# Japanese-Canadian veterans of the Great War.



## Nonskimmer (Jul 8, 2006)

I found this a bit interesting. Granted, Japan was technically an ally of Canada and the British Empire anyway during WWI, but I hadn't known about the ethnic Japanese in the 10th Battalion of the Canadian Army. I'm trying to find more indepth information on them.

National Association of Japanese Canadians

_"Japanese volunteered to fight in the Canadian war in order to gain rights in their own country. Out of the 196 volunteers, 54 were killed, 93 were wounded and only 49 returned home safely.
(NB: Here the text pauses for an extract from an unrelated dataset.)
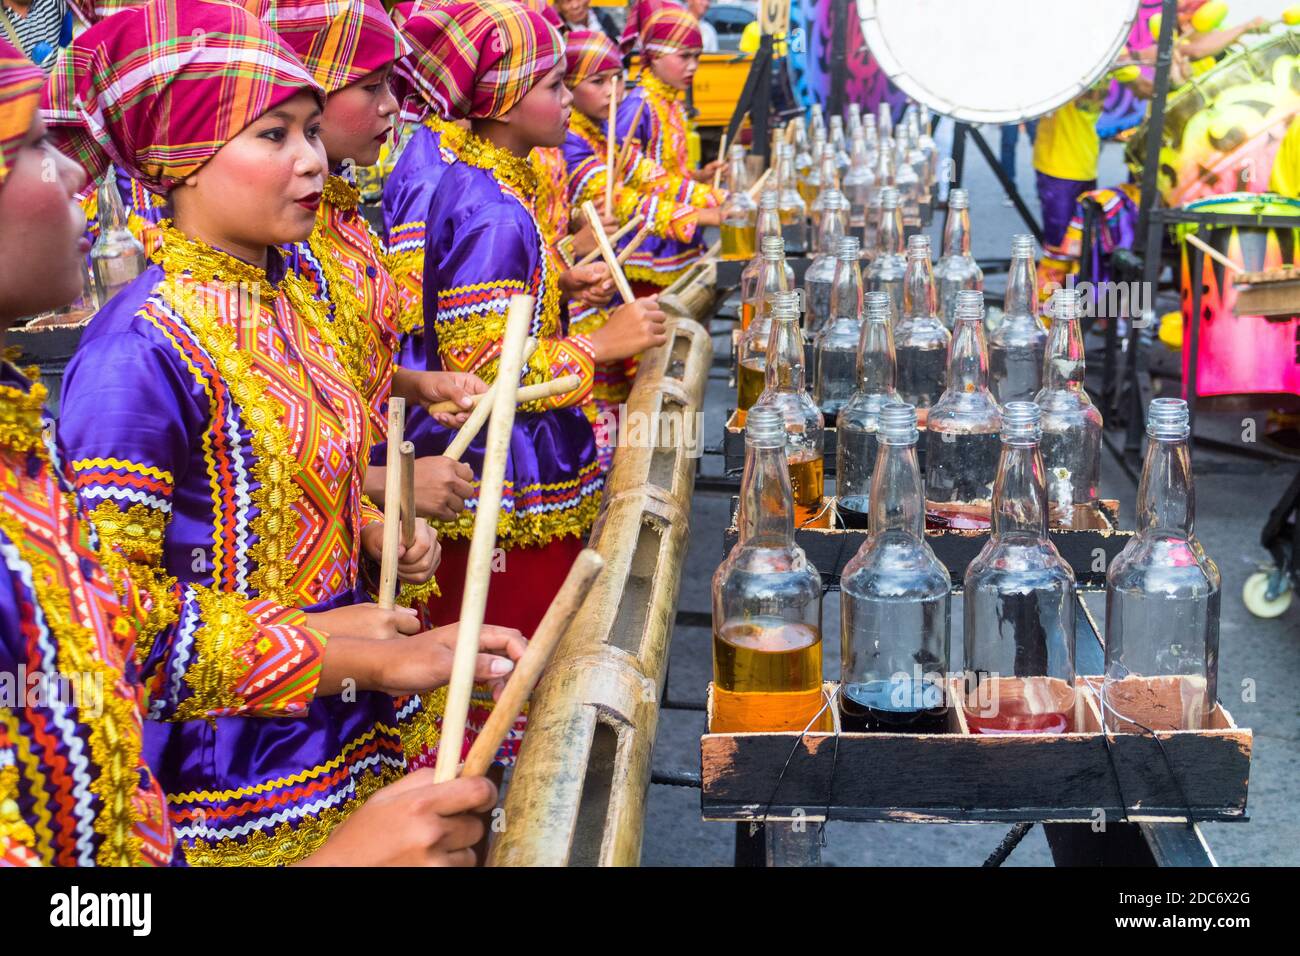 Participants and dancers at the Shariff Kabunsuan Festival in Cotabato City, Philippines Stock Photo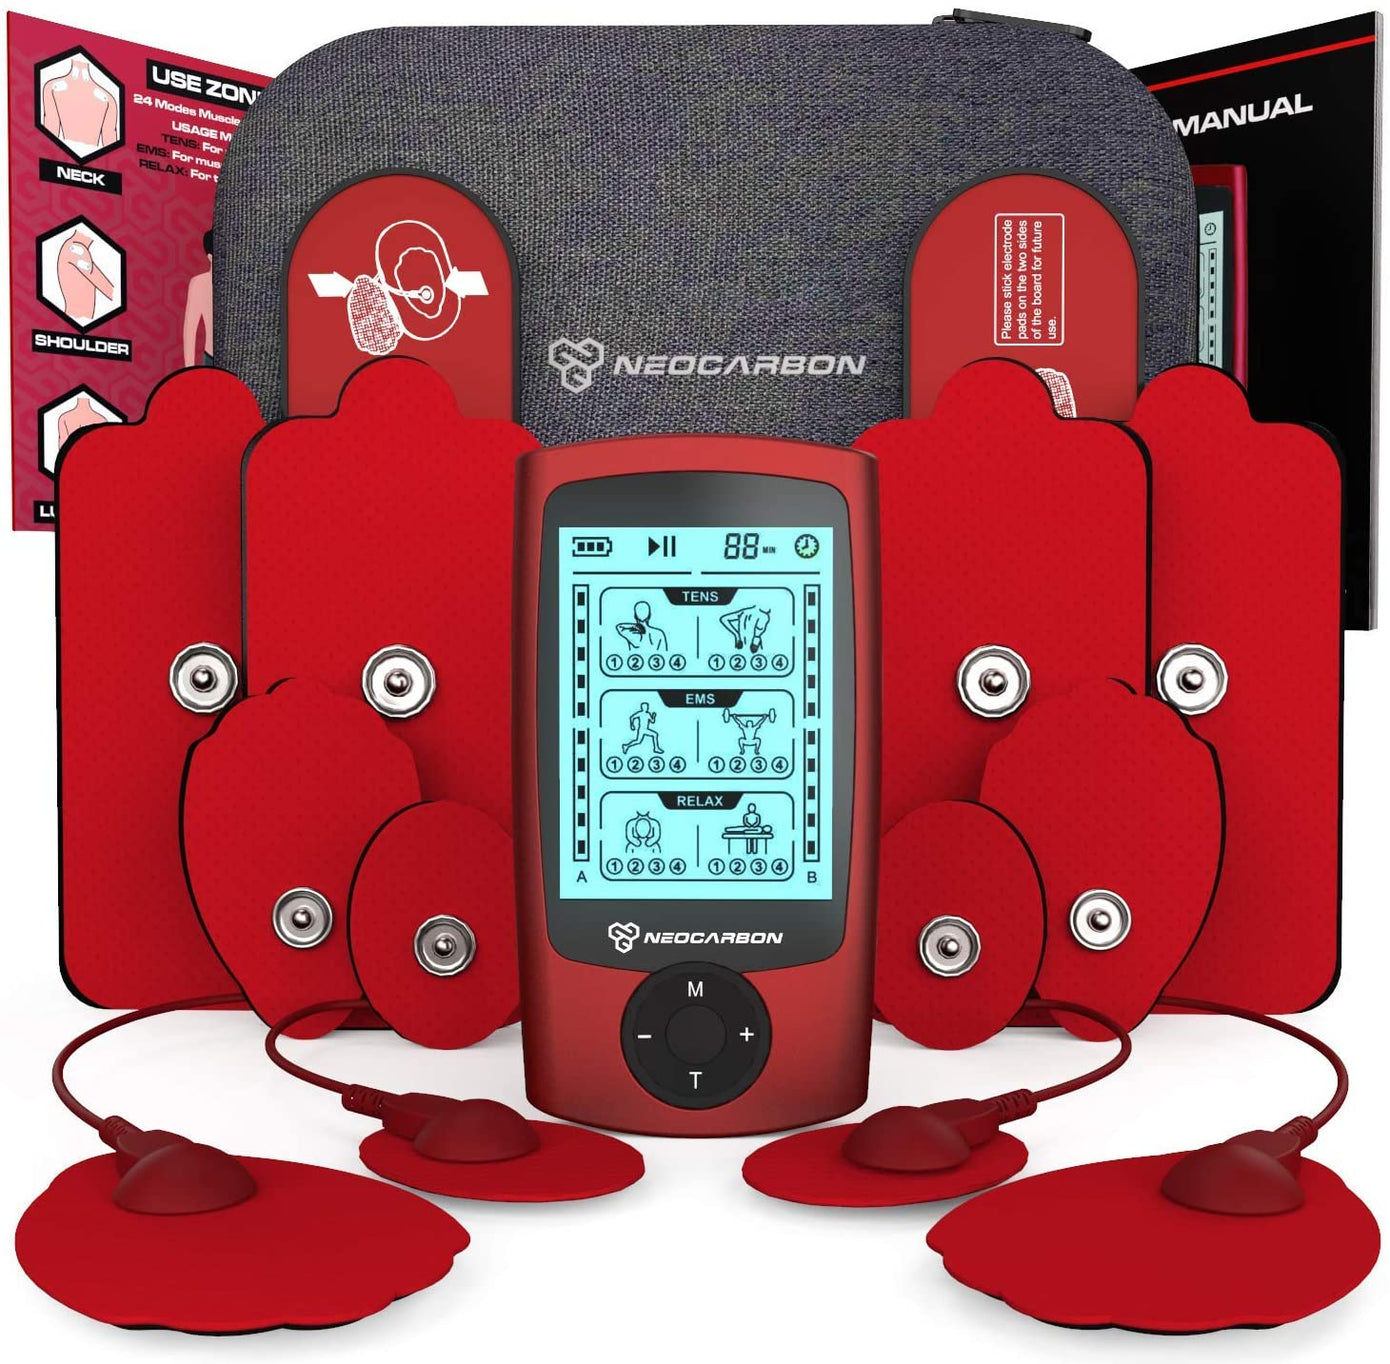 https://www.momjunction.com/wp-content/uploads/product-images/dual-channel-tens-ems-and-relax-muscle-stimulator-electronic-pulse-massager-unit-16-electrode-pads-travel-case_afl276.jpg

After a long struggle, the surviving veterans were finally granted the right to vote by the B.C. legislature in 1931."_


----------



## syscom3 (Jul 8, 2006)

Great find Nonskimmer.

I would never have guessed that there were Japanese soldiers in the Canadian army.


----------



## Gnomey (Jul 8, 2006)

Good find NS! It is a bit like some of the POW camp guards had been on British army liaison courses before the war and so spoke good English.


----------



## Nonskimmer (Jul 9, 2006)

Heh. I guess that's gratitude for you.

(From the same site as above)

_"In World War I, Sergeant Mitsui defended Canada's honour at Vimy Ridge. For his bravery and distinguished conduct, he was awarded the Military Medal. In World War II, he, his wife and his children were labeled "enemy aliens" and forced off their farm. Summoned before the Security Commissioner, Mitsui reached into his pocket, pulled out his medals and threw them on the floor. "What good are these!" he demanded in fury. He and his wife, separated from their children, were taken to Hastings Park and then to Greenwood, B.C. He died at the age of 99 and was the last surviving Japanese Canadian who fought in World War I."_ - He died in 1987.



Masumi Mitsui and his daughter, Amy Kuwabara, at a ceremony on August 2, 1985 to relight the Stanley Park lamp. (photo: Waylen Miki, Vancouver) 
He's also the fellow on the far left, middle row in the photo in my last post.


----------